Extractions
The extractions resource gives you access to the structured data produced by each extraction run. Every extract() call creates an extraction record that you can query, export, and correct after the fact.
// List extractions for a specific document
const extractions = await talonic.extractions.list({
document_id: 'doc_abc123',
status: 'complete',
limit: 10,
})
for (const ext of extractions.data) {
console.log(`${ext.id}: confidence ${ext.confidence_overall}, created ${ext.created_at}`)
}
// Get full extraction with per-field confidence
const extraction = await talonic.extractions.get('ext_xyz789')
console.log(extraction.data) // { vendor_name: 'Acme', total: 1500, ... }
console.log(extraction.confidence?.overall) // 0.94
console.log(extraction.confidence?.fields) // { vendor_name: 0.99, total: 0.91, ... }
console.log(extraction.metadata?.processing_time_ms) // 1820The list() method accepts ListExtractionsParams with optional filters for document_id, schema_id, and status ('complete', 'processing', 'failed'). Pagination uses cursor-based navigation with cursor and limit parameters. The legacy page and per_page parameters are accepted for compatibility. Each extraction in the list response includes a compact confidence_overall number, while the individual get() response includes the full confidence object with per-field scores.
Use getData() to retrieve extraction results as JSON (default) or CSV. The JSON format returns typed objects matching your schema definition, while CSV is convenient for spreadsheet workflows or bulk data exports. The method uses TypeScript overloads: calling with { format: 'json' } or no options returns WithRateLimit<Record<string, unknown>>, while { format: 'csv' } returns a plain string.
// Get structured data as JSON (default)
const jsonData = await talonic.extractions.getData('ext_xyz789')
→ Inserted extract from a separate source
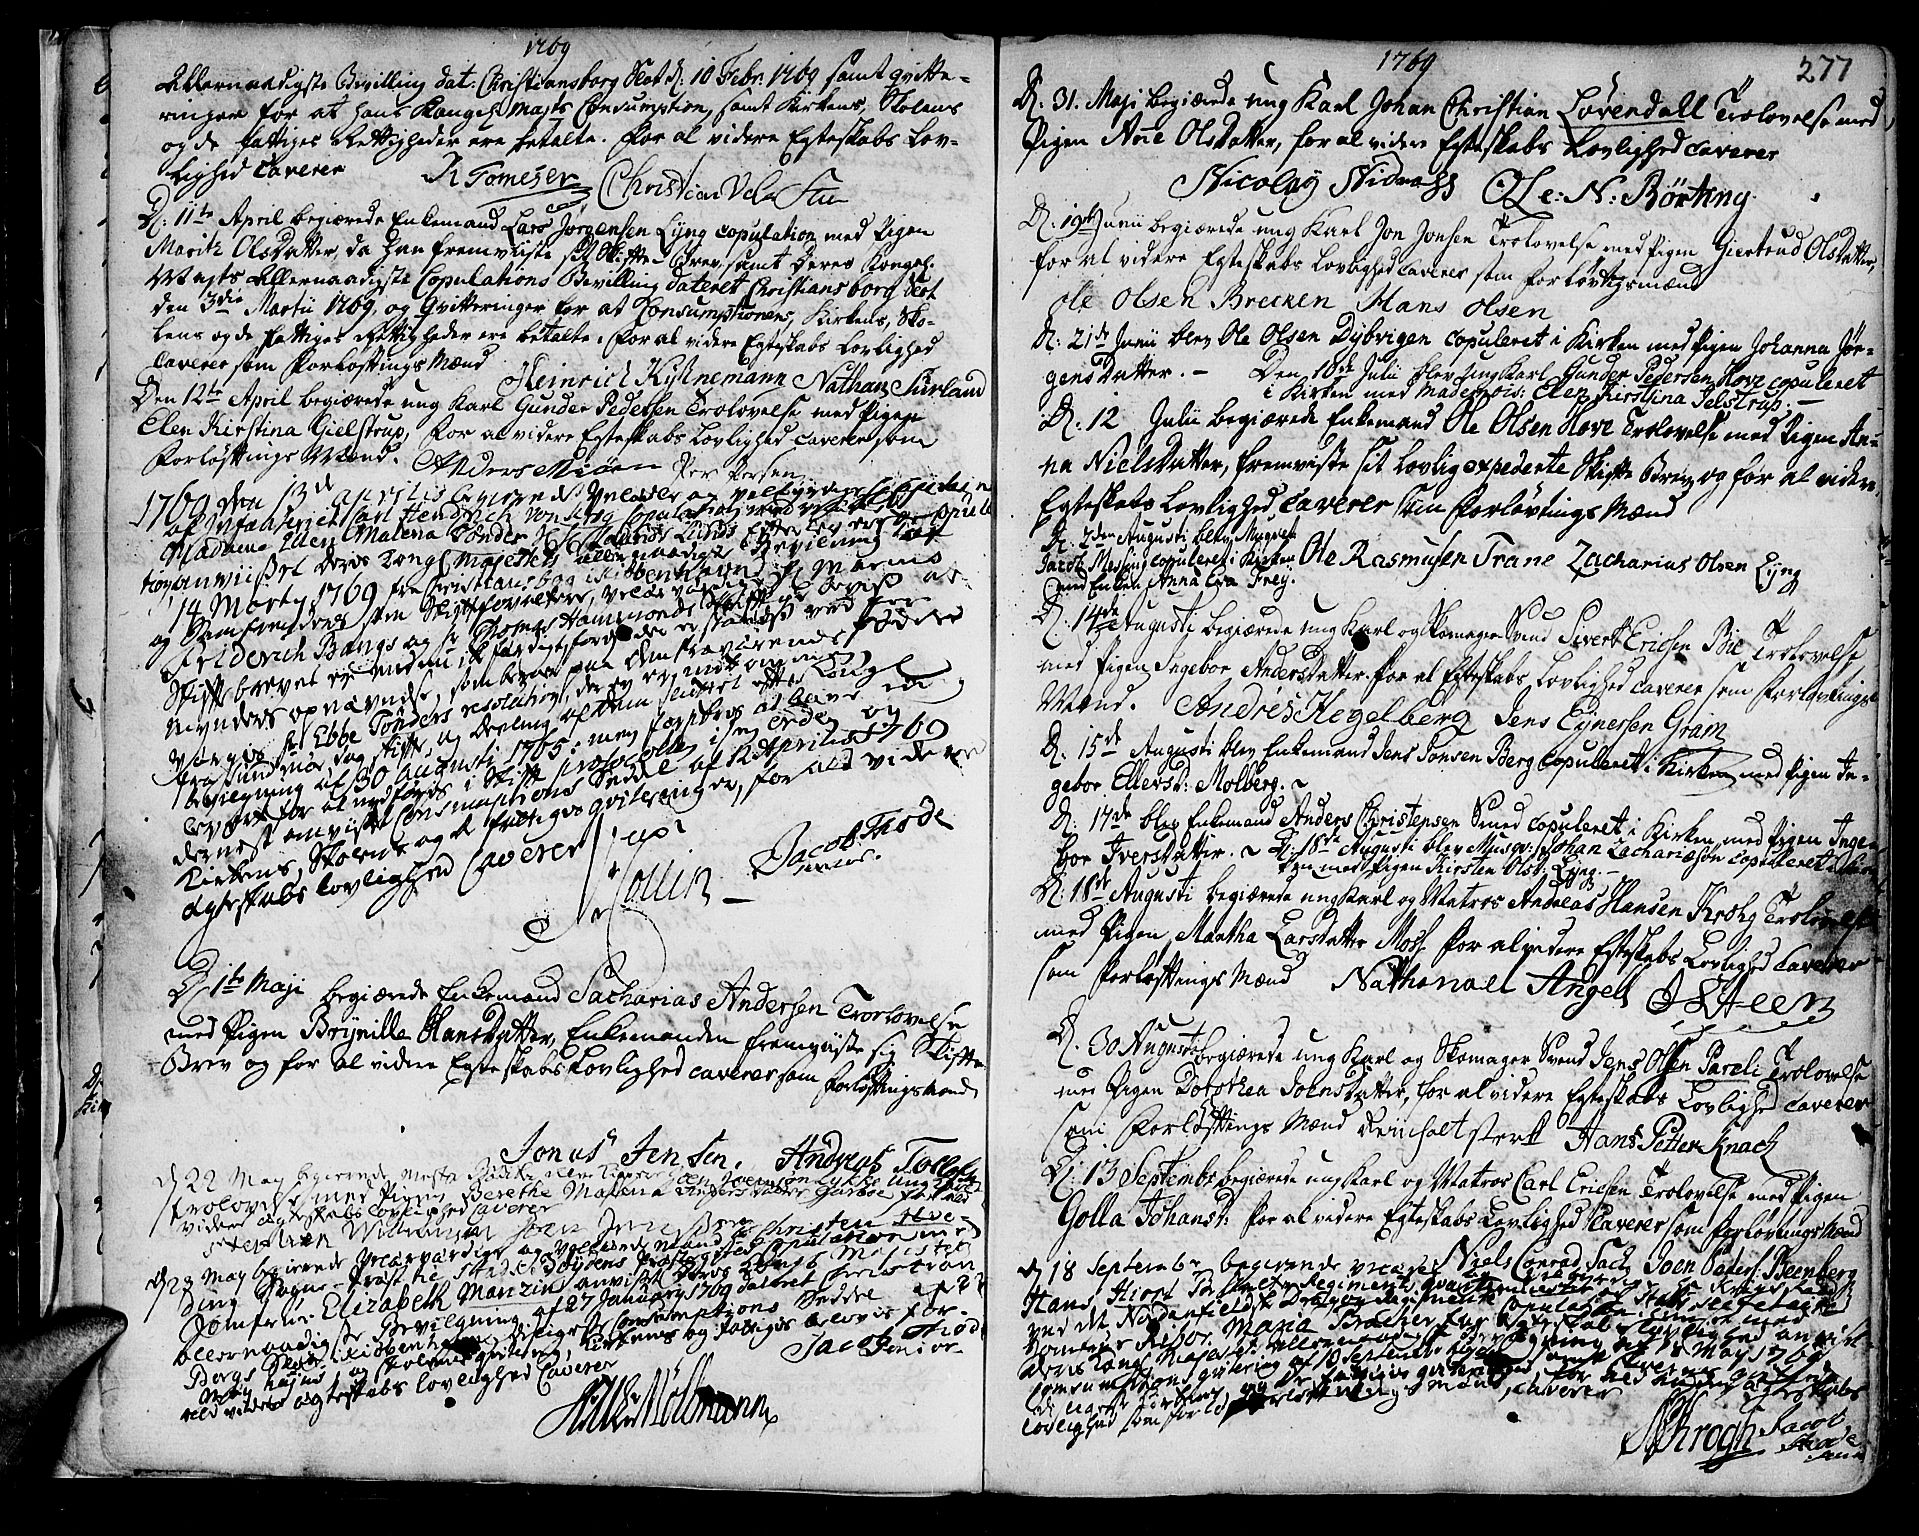 SAT, Ministerialprotokoller, klokkerbøker og fødselsregistre - Sør-Trøndelag, 601/L0038: Ministerialbok nr. 601A06, 1766-1877, s. 277

console.log(jsonData) // { vendor_name: 'Acme', line_items: [...], total: 1500 }
// Get structured data as CSV for spreadsheet workflows
const csvData = await talonic.extractions.getData('ext_xyz789', { format: 'csv' })
console.log(csvData)
// "vendor_name,total,due_date\nAcme Corp,1500,2025-03-15"
// Write CSV to file
import { writeFile } from 'node:fs/promises'
await writeFile('./export.csv', csvData)The patch() method submits field-level corrections back to the extraction. Corrections improve future extraction accuracy for similar documents by feeding the correction loop, so submitting them is worth the effort even if you fix the value downstream. Each correction specifies the field name, the corrected value, and an optional reason string explaining the change. The propagate parameter controls scope: 'this_document_only' (default) applies the correction to this extraction only, while 'all_similar' propagates it to similar extractions across your workspace.
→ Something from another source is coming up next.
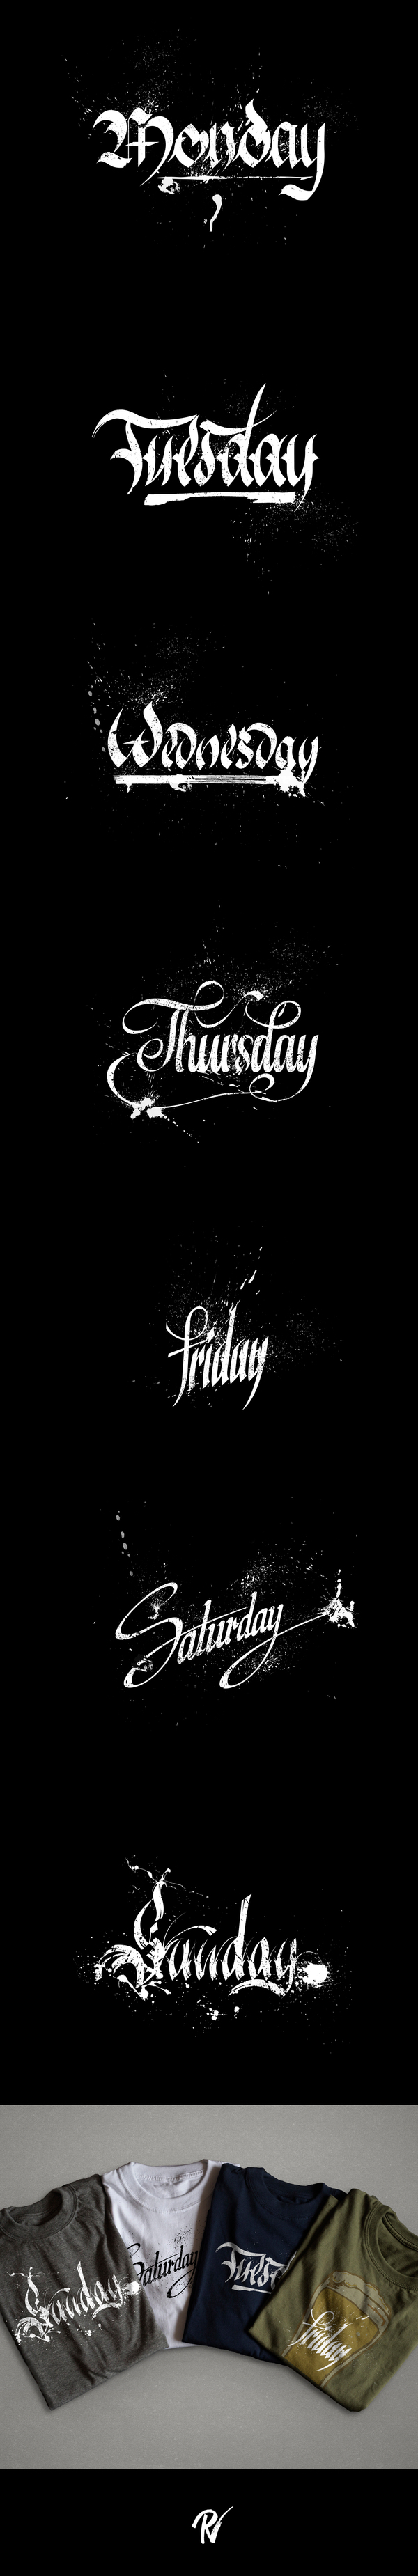 Немного пятничной каллиграфии Каллиграфия, Photoshop, Буквы, Принт, Длиннопост

// Submit field-level corrections to improve future accuracy
await talonic.extractions.patch('ext_xyz789', {
corrections: [
{
field: 'vendor_name',
value: 'Acme Corporation',
reason: 'Full legal name required',
},
{
field: 'total_amount',
value: 14250.00,
reason: 'OCR misread decimal separator',
},
],
propagate: 'all_similar', // apply to similar documents too
})The Extraction interface includes metadata about the extraction run. The metadata block provides pages (number of pages processed), language (detected language code), document_type (detected document category), and processing_time_ms. The links object contains URLs for the extraction resource, related endpoints, and the dashboard view. Use these links to build navigation between the SDK and the Talonic web dashboard.